Услышала, как громко ухмыльнулся Люк, подтягивая к себе стул с высокой деревянной спинкой. Не поднимает его, и ножки стула неприятно царапают по полу. Мужчина тяжело плюхнулся на него, закинув затем ногу на ногу и сложив руки на груди.

- А я не играюсь, мисс Арнольд. И не предлагаю вам никаких шарад. Всё просто и одновременно очень сложно.
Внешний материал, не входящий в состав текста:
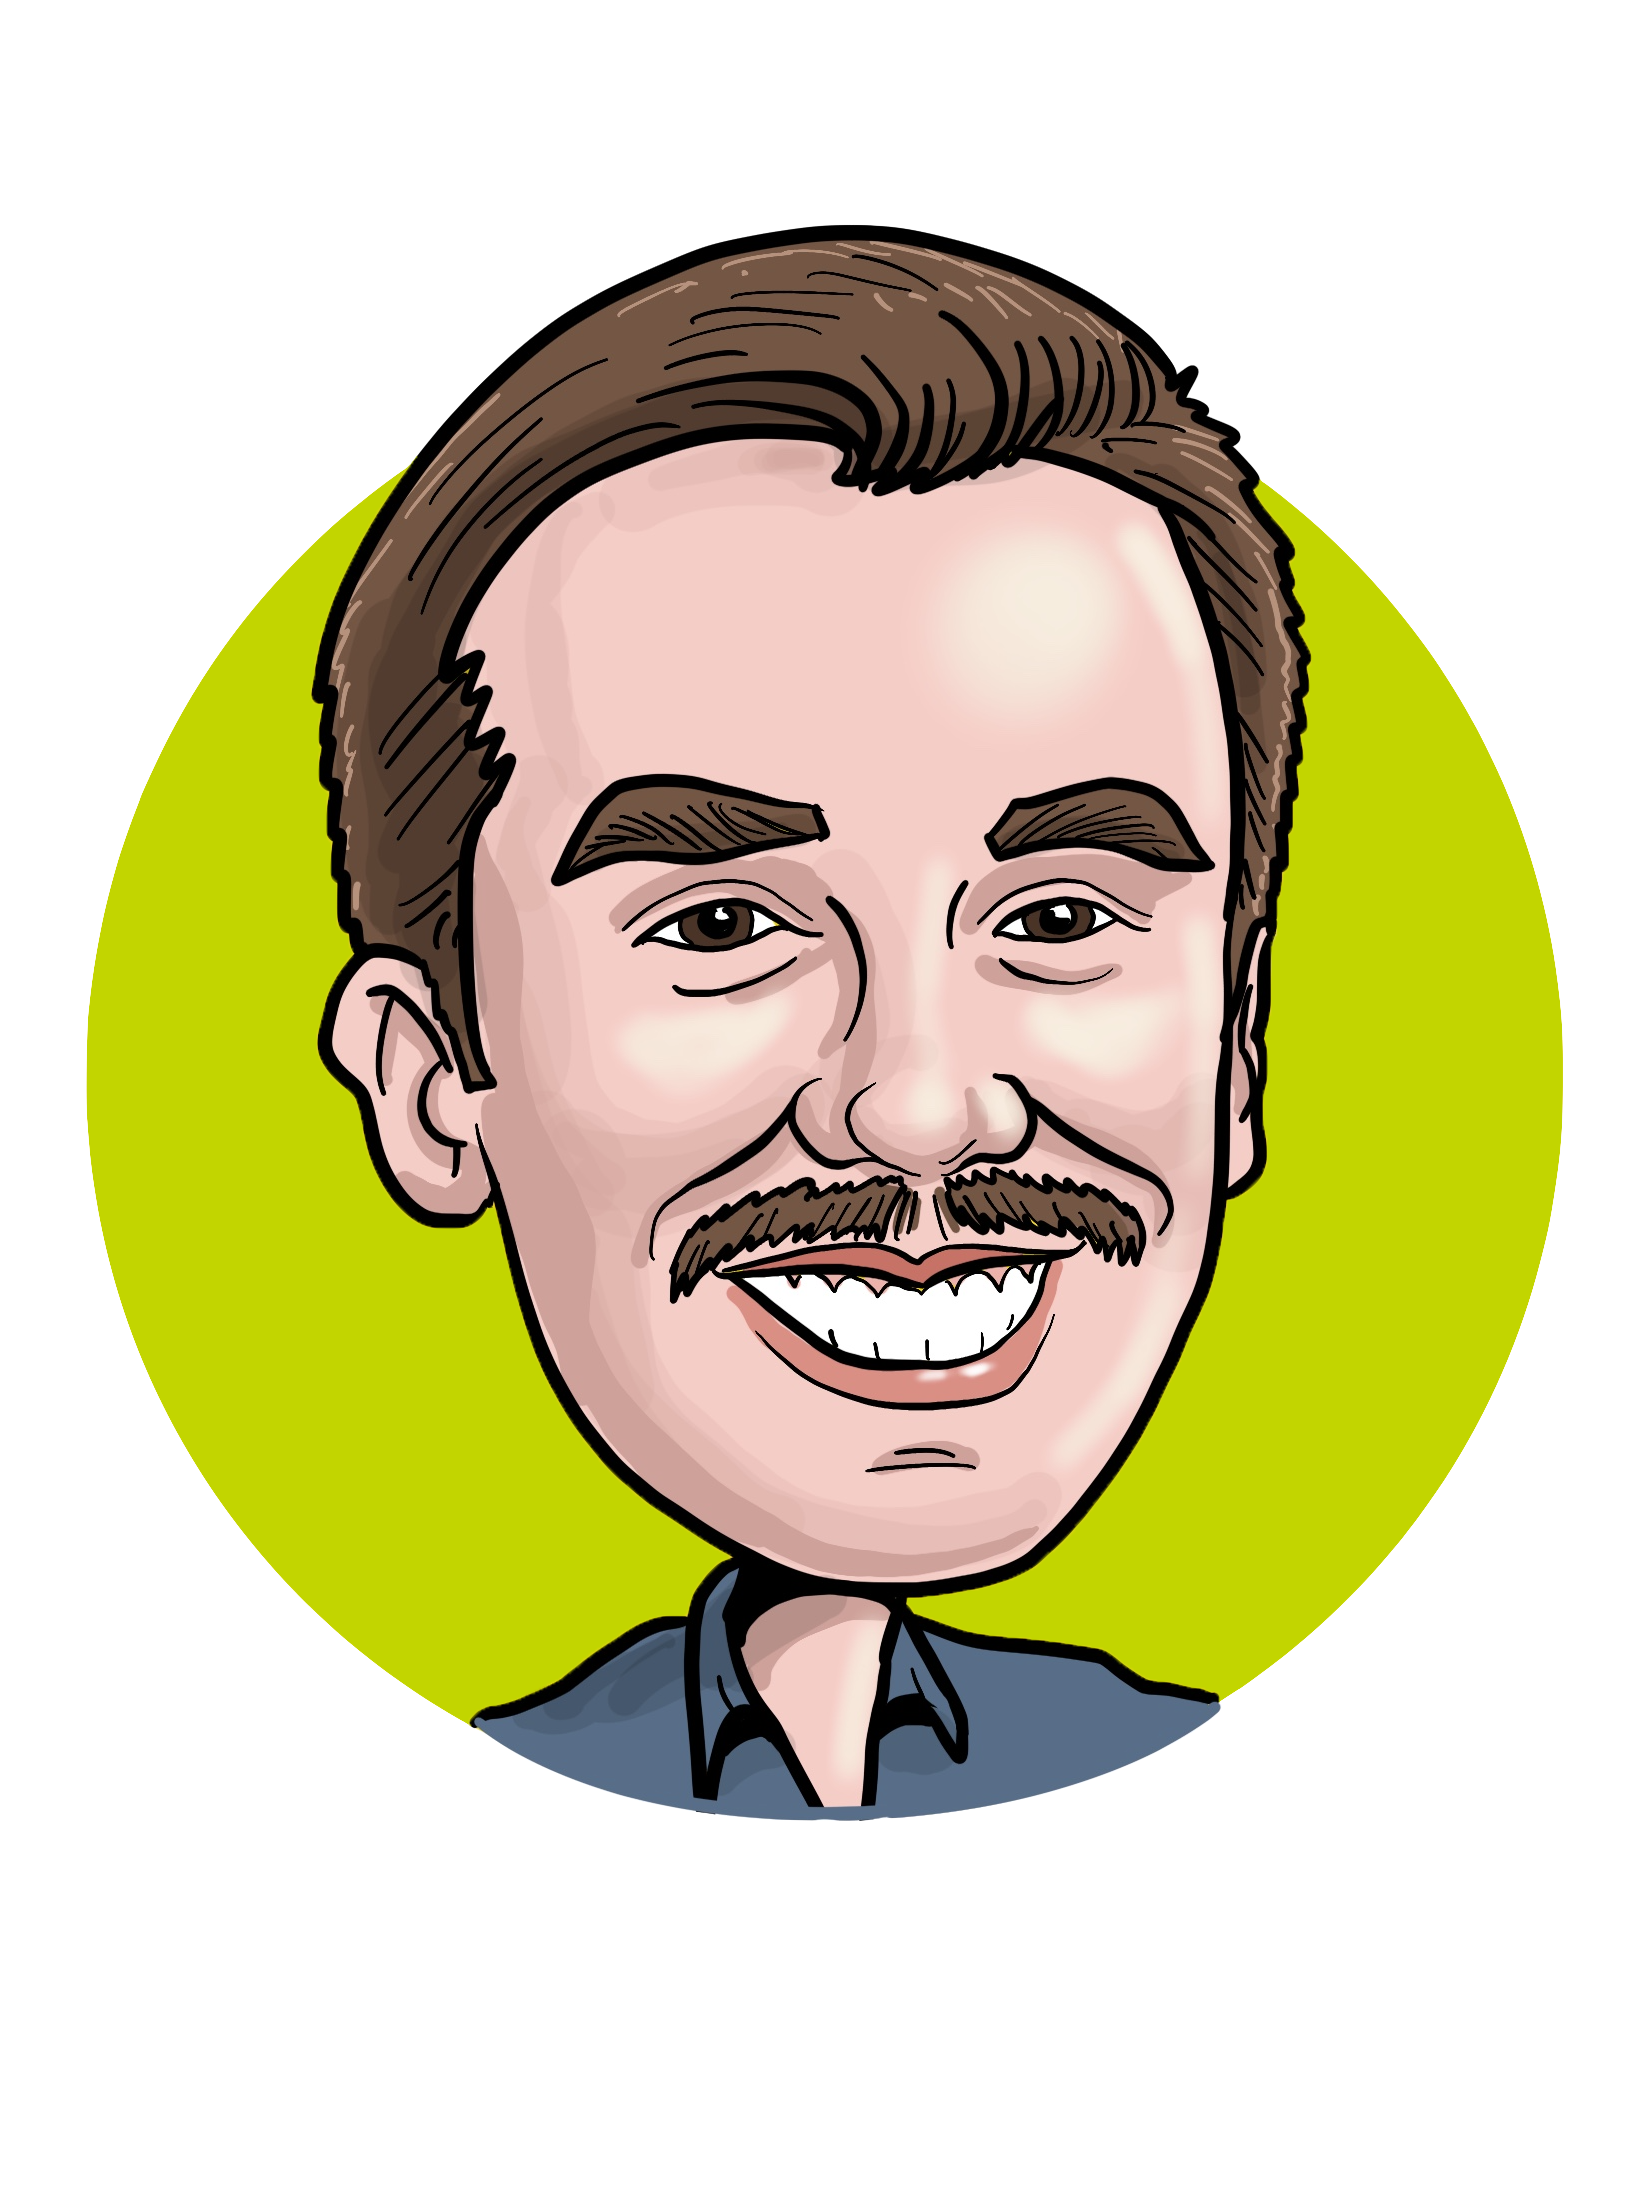 a caricature-style drawing of Jason Chappuies's headshot

Впрочем, вам ли не знать? – язвительно, прищурившись и смотря прямо на меня, - В нашей жизни ведь на самом деле нет ничего абсолютно правильного или совершенно неправильного. Да и в белом цвете какой-нибудь недалекий, а возможно, и наоборот, сверходарённый художник вполне может увидеть похожие на отвратительные комья грязи неприглядные чёрные пятна. Другой же, в свою очередь, восхитится ими.

Подошла к нему, вглядываясь в его спокойное лицо, в умные светлые глаза с сеточкой тонких морщин в уголках. Короткий смешок Люка, приглушенный кулаком, заставил улыбнуться.

- Бред собачий.

- Уверены, мистер Флинт? А как же наш любимый Живописец? Какие белые пятна можно рассмотреть в нём, в этом огромном чёрном комке из грязи и дерьма?

Когда он на мгновение прикрыл глаза, а после снова посмотрел на меня, показалось, что морщинок стало ещё больше, в то время как взгляд словно потемнел. Флинт расстегнул едва заметно дрожащими пальцами верхнюю пуговицу воротника своей белой рубашки.

- Уверен, моя девочка. Ещё как уверен. Мы ведь не знаем ничего о его мотивах.

- Разве имеют значение мотивы с моральной точки зрения, если эта тварь убивает детей?

- Он может считать, что избавляет их от чего-то более страшного.

- Именно поэтому насилует их после смерти?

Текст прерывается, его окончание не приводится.